DOIs and the danger of data “quality”

I’ve just spent a moment looking at guidelines [PDF] from the UK’s National Environment Research Council (NERC) on how NERC funded research can obtain a persistent identifier through the DOI® system.

Just DOI it, just don't DOI it like that.

Just DOI it, just don’t DOI it like that.

NERC have a data sharing policy, and fund data centres for sharing and long-term data preservation. Like us here at GESIS, they have an interest in promoting stable persistent identifiers (in both cases Digital Object Identifier (DOI) names) that allow datasets to be cited as one would a publication. All well and all good.

I certainly have no issue with the advice they provide for researchers on obtaining a DOI name. Its good, clear, and concise. However, I’m going to expand on my reaction to one line in their guidance document. NERC state “by assigning a DOI the [Environmental Data Centre] are giving it a ‘data center stamp of approval’”. Effectively they see a DOI name (or by implication any other form of Persistent Uniform Resource Locator (PURL)) as a quality check-mark in addition to its role as a reference to an object. Except the DOI system isn’t designed to suggest the “quality goes in before the name goes on”. Just to remind myself, I quickly looked at the International DOI Foundation handbook and it doesn’t mention data quality. Identification, yes. Resolution, yes. Management, yes. Quality, no.

There is no standardized quality symbol for data themselves. Instead we have informal ones that act as proxies – not of concern to researchers themselves but do closely correlate to the contestable idea of “quality”. But remember, they remain proxies, not the variable of interest. For example, just because a data set is available from a social science data archive doesn’t mean it is any good. It means the archive think people will use it (or that we are contractually obliged to take it), it can be understood and isn’t just a set of numbers, doesn’t violate data protection laws or intellectual property rights, and doesn’t break our will or budget taking the data into our collection. So, if you order data from a data archive it is preserved and contextualized and probably good quality data, but it need not be good quality. Indeed, I suspect most archives have a data set or two that somehow ended up accepted into the collection as the result of an impenetrable act of madness or despair. Likewise receiving a DOI name might be a stamp of approval if minted by a NERC data center, but other assigners might not be so fussed about the quality of what’s getting DOIed.
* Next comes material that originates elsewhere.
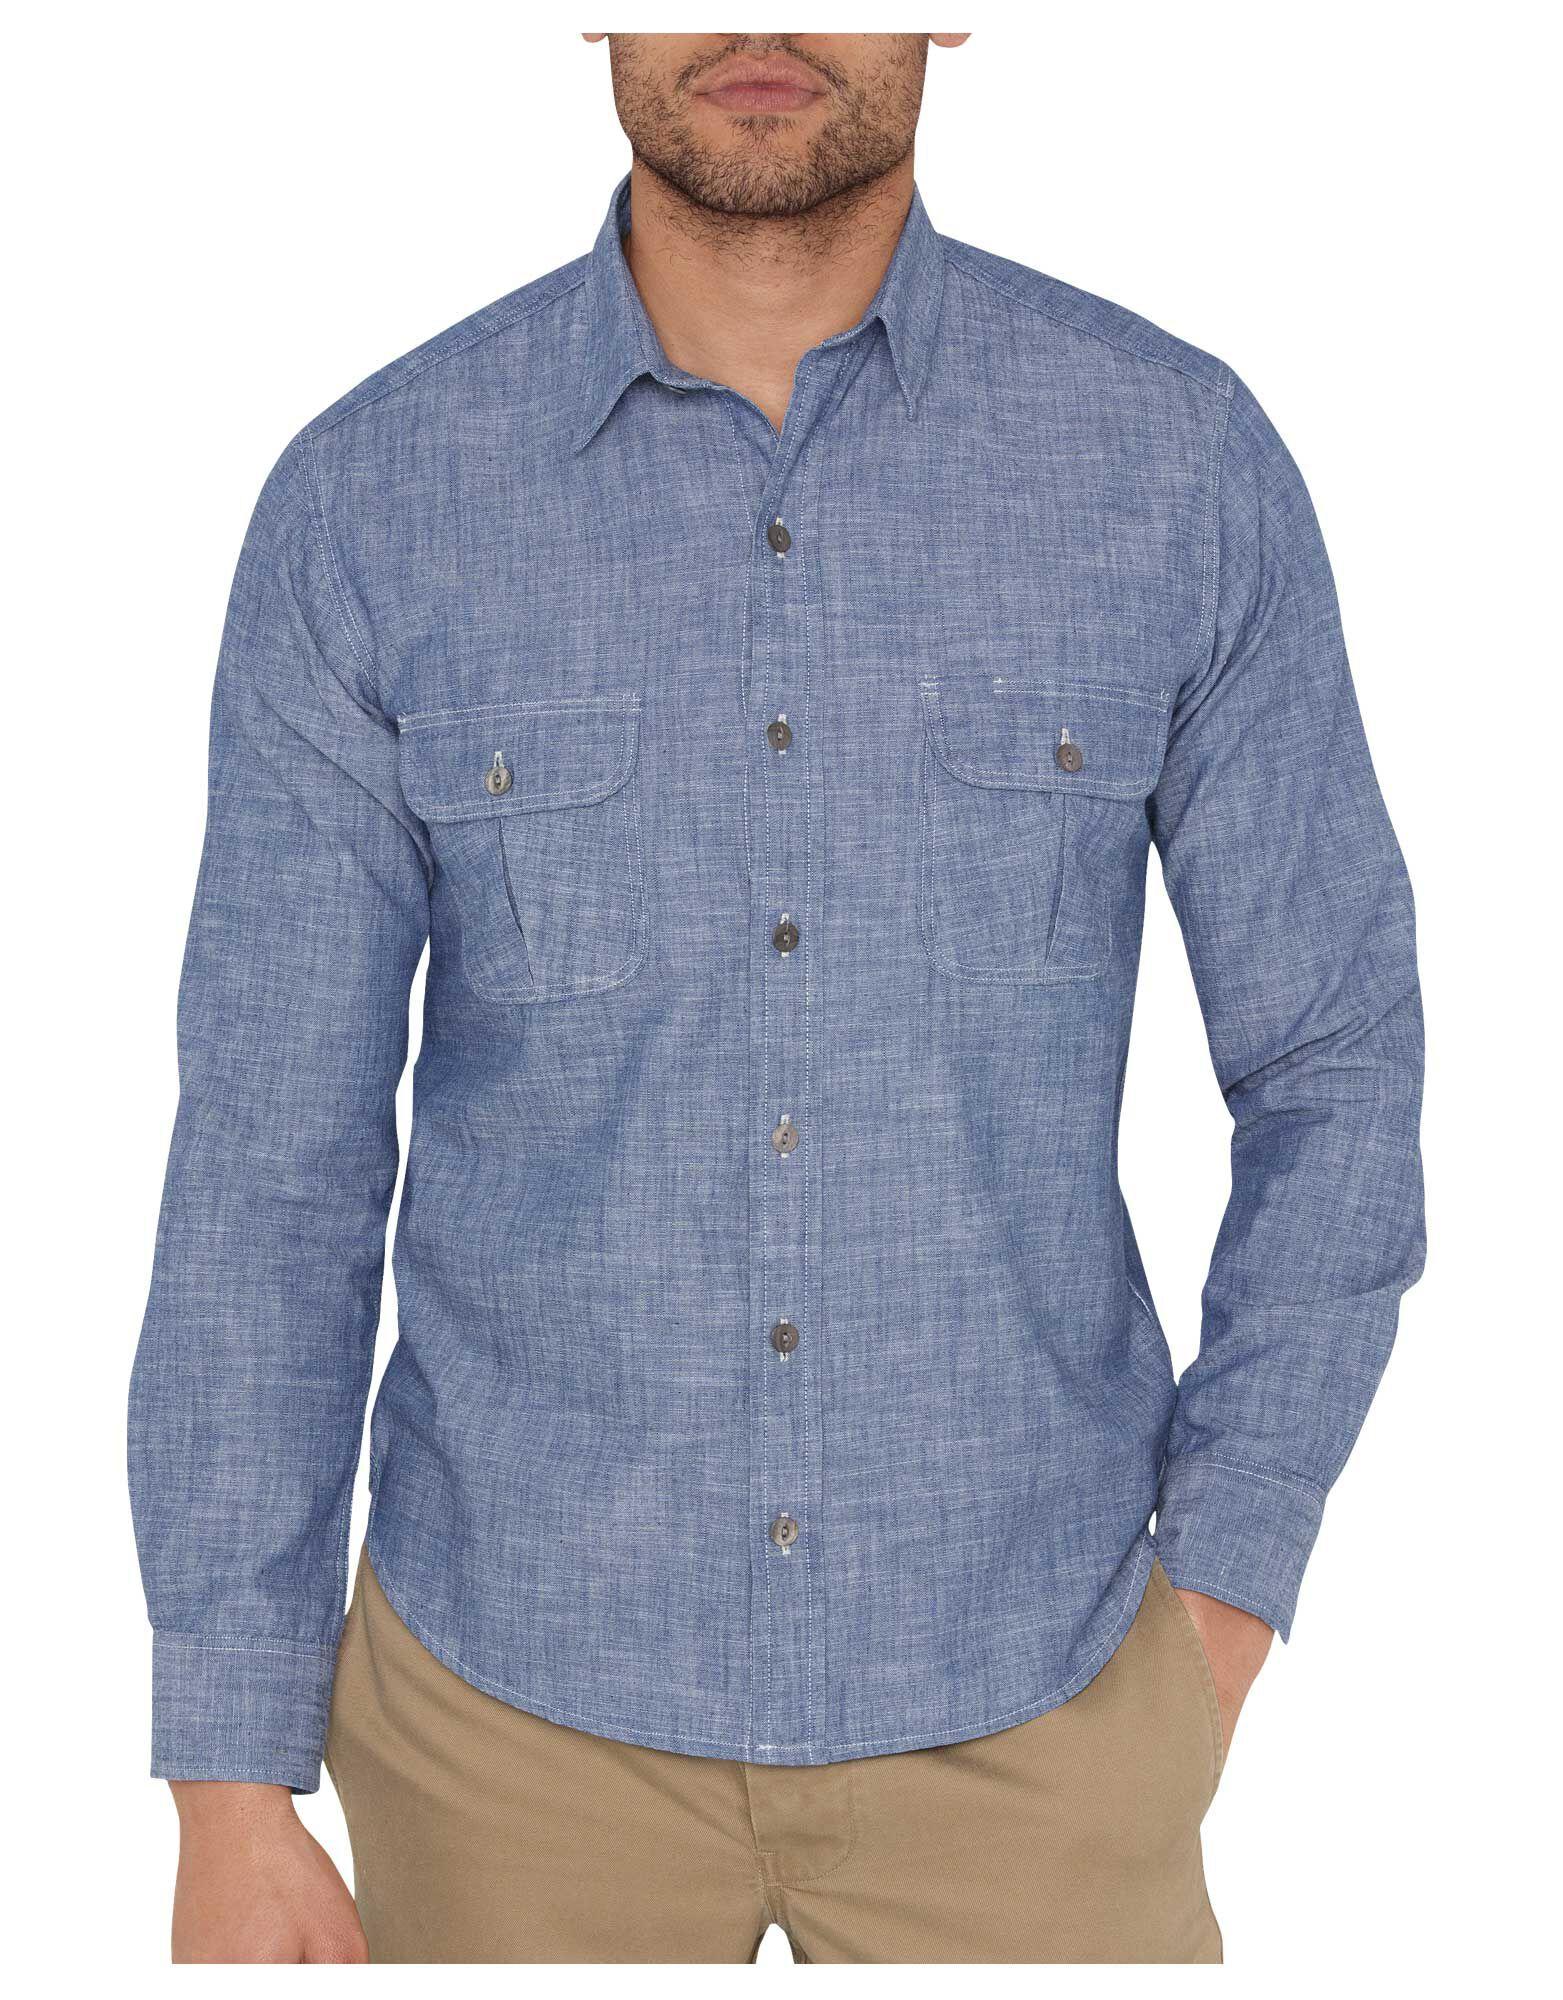 Dickies 1922 Chambray Shirt | Mens Shirts

As this blog post reminds us, anything can be given a DOI, multiple times.

Now, archives are working towards establishing their own stamps of approval for digital preservation and archiving. The Data Seal of Approval, nestor Seal for Trustworthy Digital Archives, and ISO 16363 standards are recognized levels. Yet, these are explicit symbols of quality in digital preservation – showing an archive knows what to do, how to do it, and are doing it. Thus it indicates the quality of curation, not the quality of the data being curated. The best preserved and contextualized data set in the world could still be junk.

So should we as a community be moving towards quality symbols for data themselves? The risk of starting down that route is encountering a host of problems defining contestable notions of “quality”. Digital preservation is, after all, measurable in the sense something is both preserved and accessible or it isn’t. However, research data  is subject to all kinds of challenges as to its quality, even to the point of dismissing entire research approaches. I have no problem with NERC specifying their own concept of quality (which they effectively do), it’s just the use of DOI names as a tool to signify this. To that effect, we shouldn’t start using tools designed for one end to another.